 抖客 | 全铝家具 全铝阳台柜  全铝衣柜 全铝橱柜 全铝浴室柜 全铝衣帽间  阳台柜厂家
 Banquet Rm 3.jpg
--
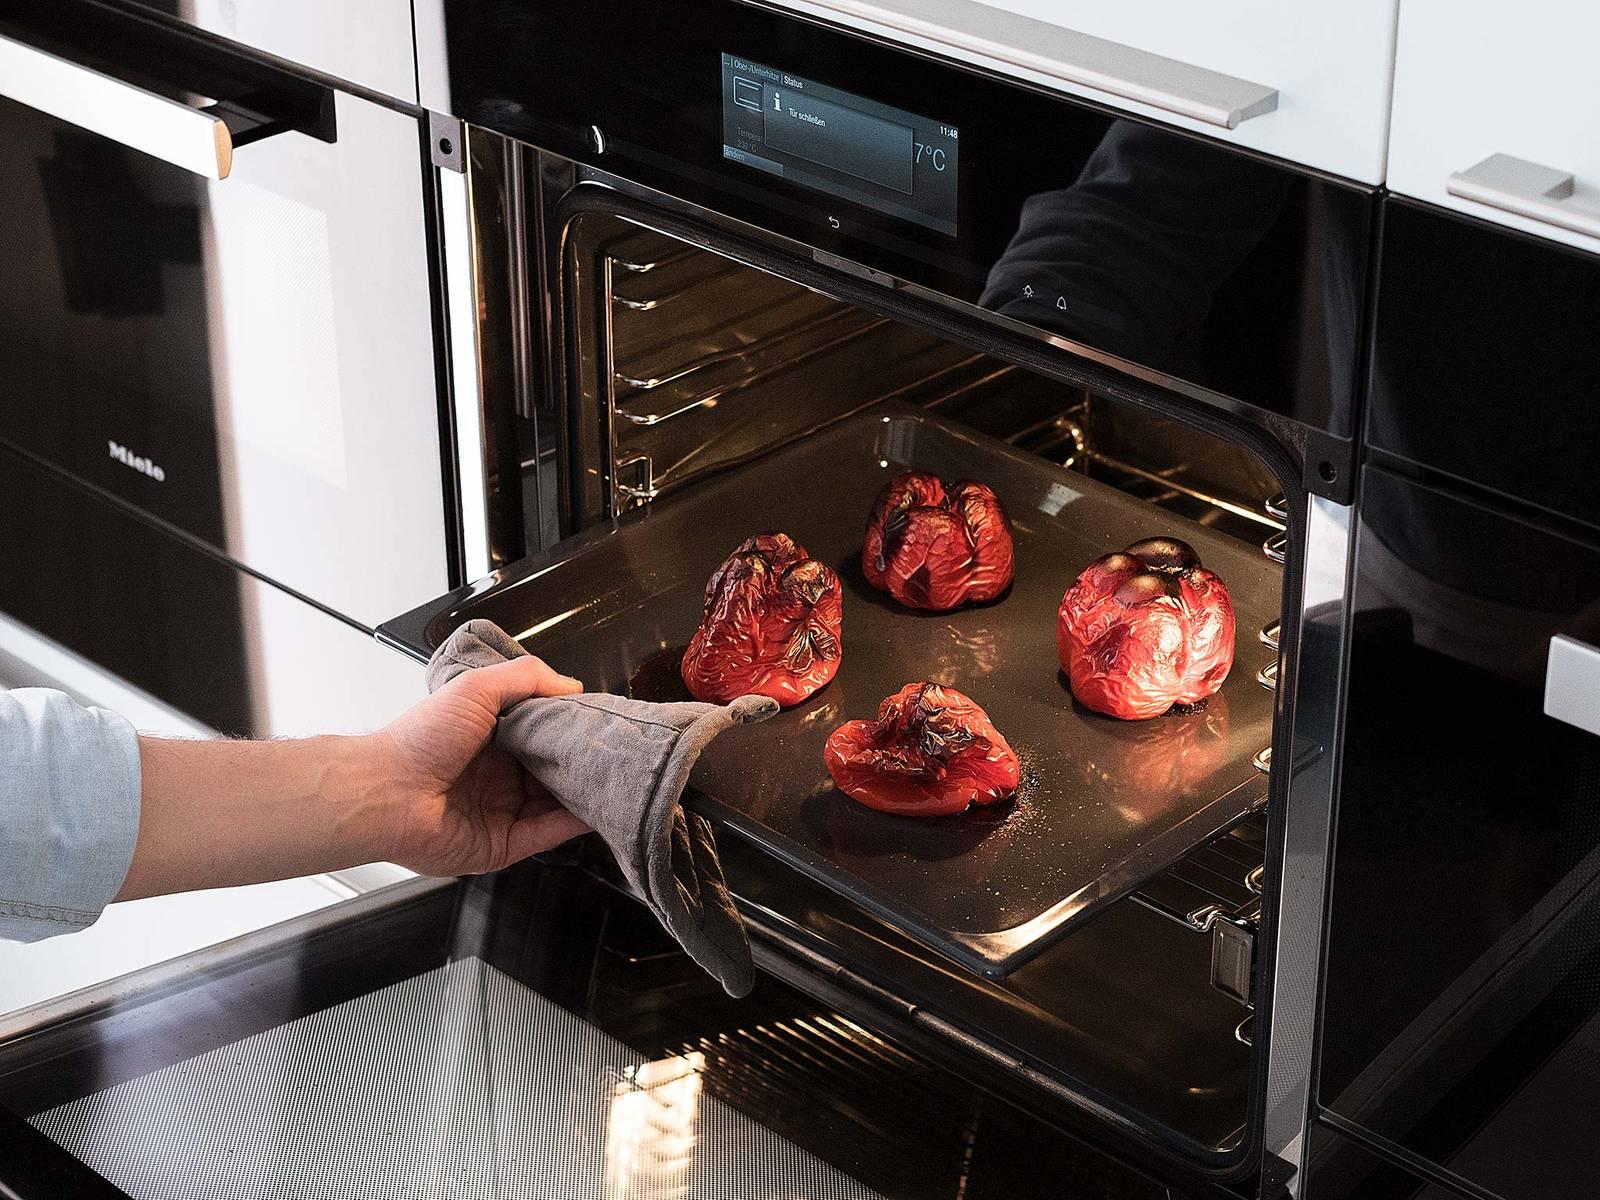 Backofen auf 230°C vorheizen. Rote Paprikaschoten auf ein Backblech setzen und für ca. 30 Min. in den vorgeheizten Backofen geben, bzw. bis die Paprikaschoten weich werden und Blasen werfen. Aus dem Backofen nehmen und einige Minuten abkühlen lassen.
---
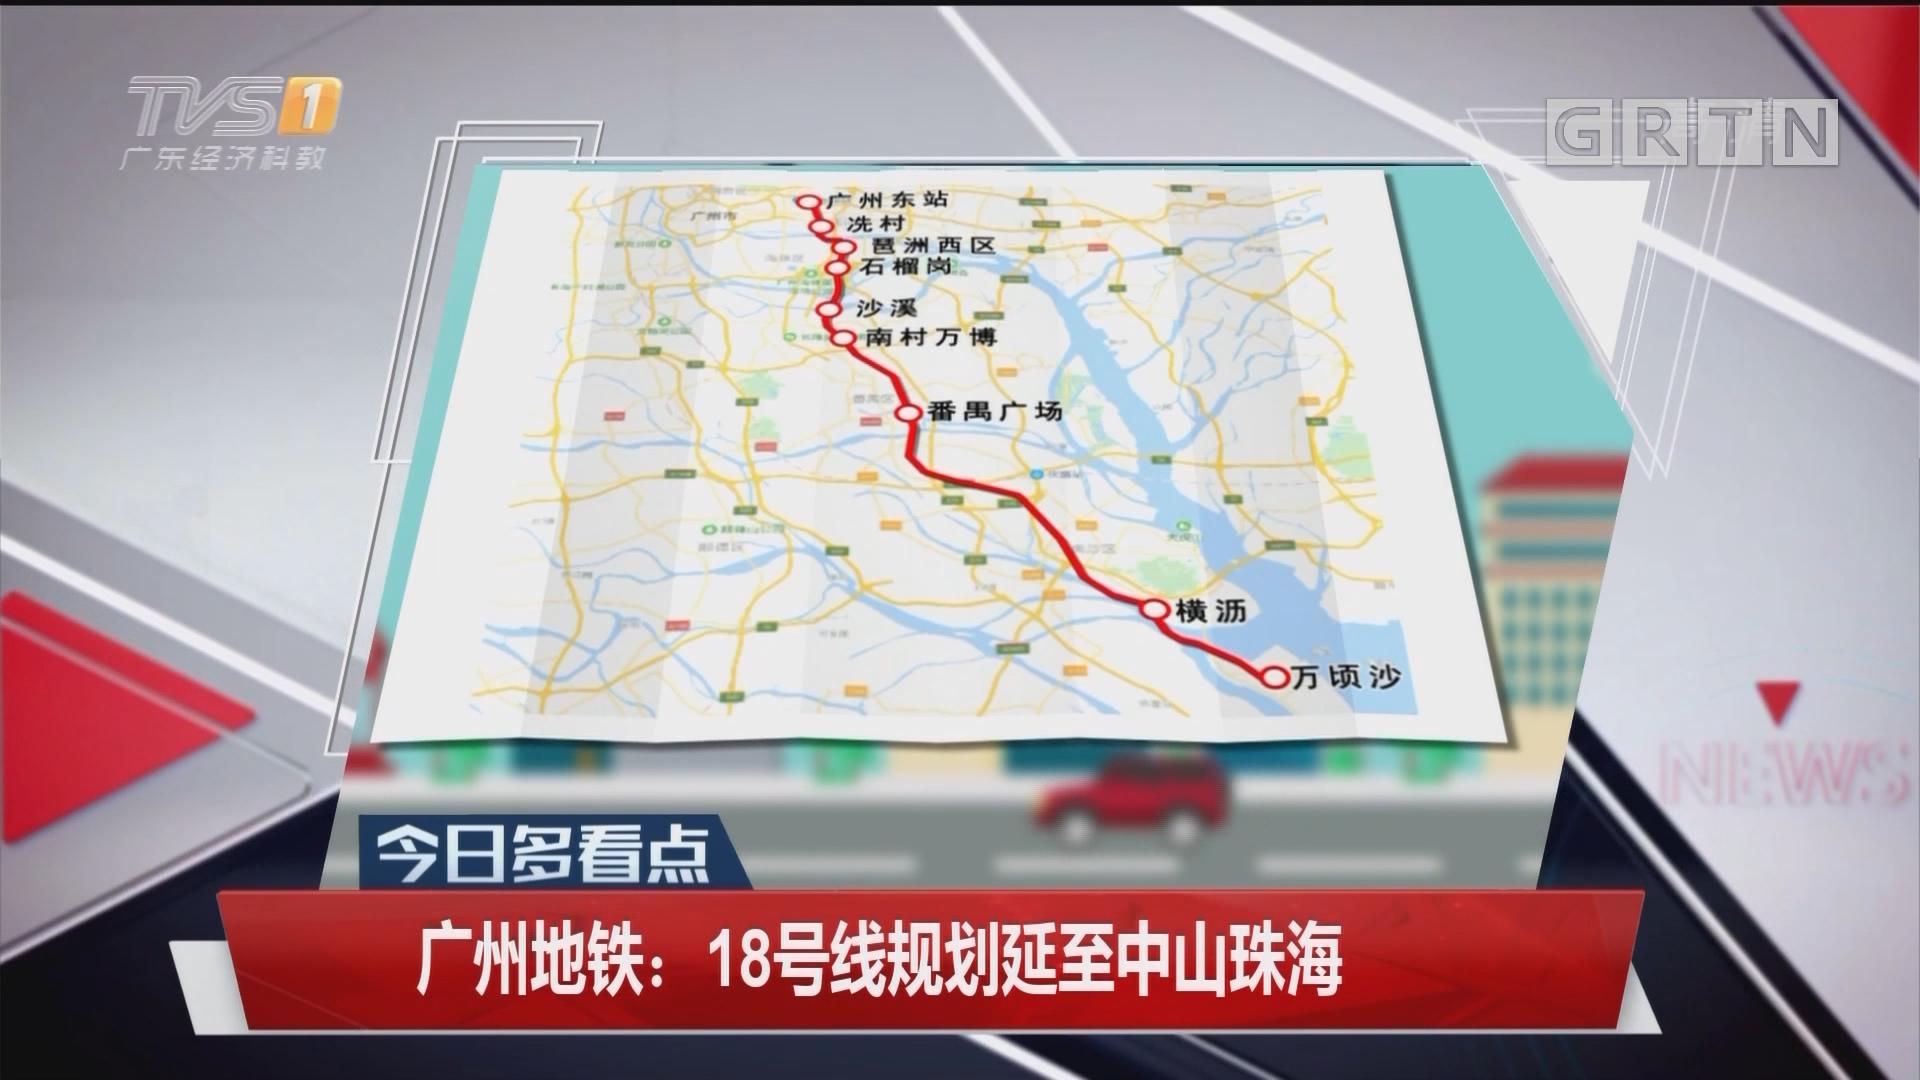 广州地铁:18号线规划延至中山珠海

Exercise
Extract exactly and only the lines above from the line containing "抖客 | 全铝家具 全铝阳台柜" through the line containing "Banquet Rm 3.jpg", both end lines included.

Solution below
 抖客 | 全铝家具 全铝阳台柜  全铝衣柜 全铝橱柜 全铝浴室柜 全铝衣帽间  阳台柜厂家
 Banquet Rm 3.jpg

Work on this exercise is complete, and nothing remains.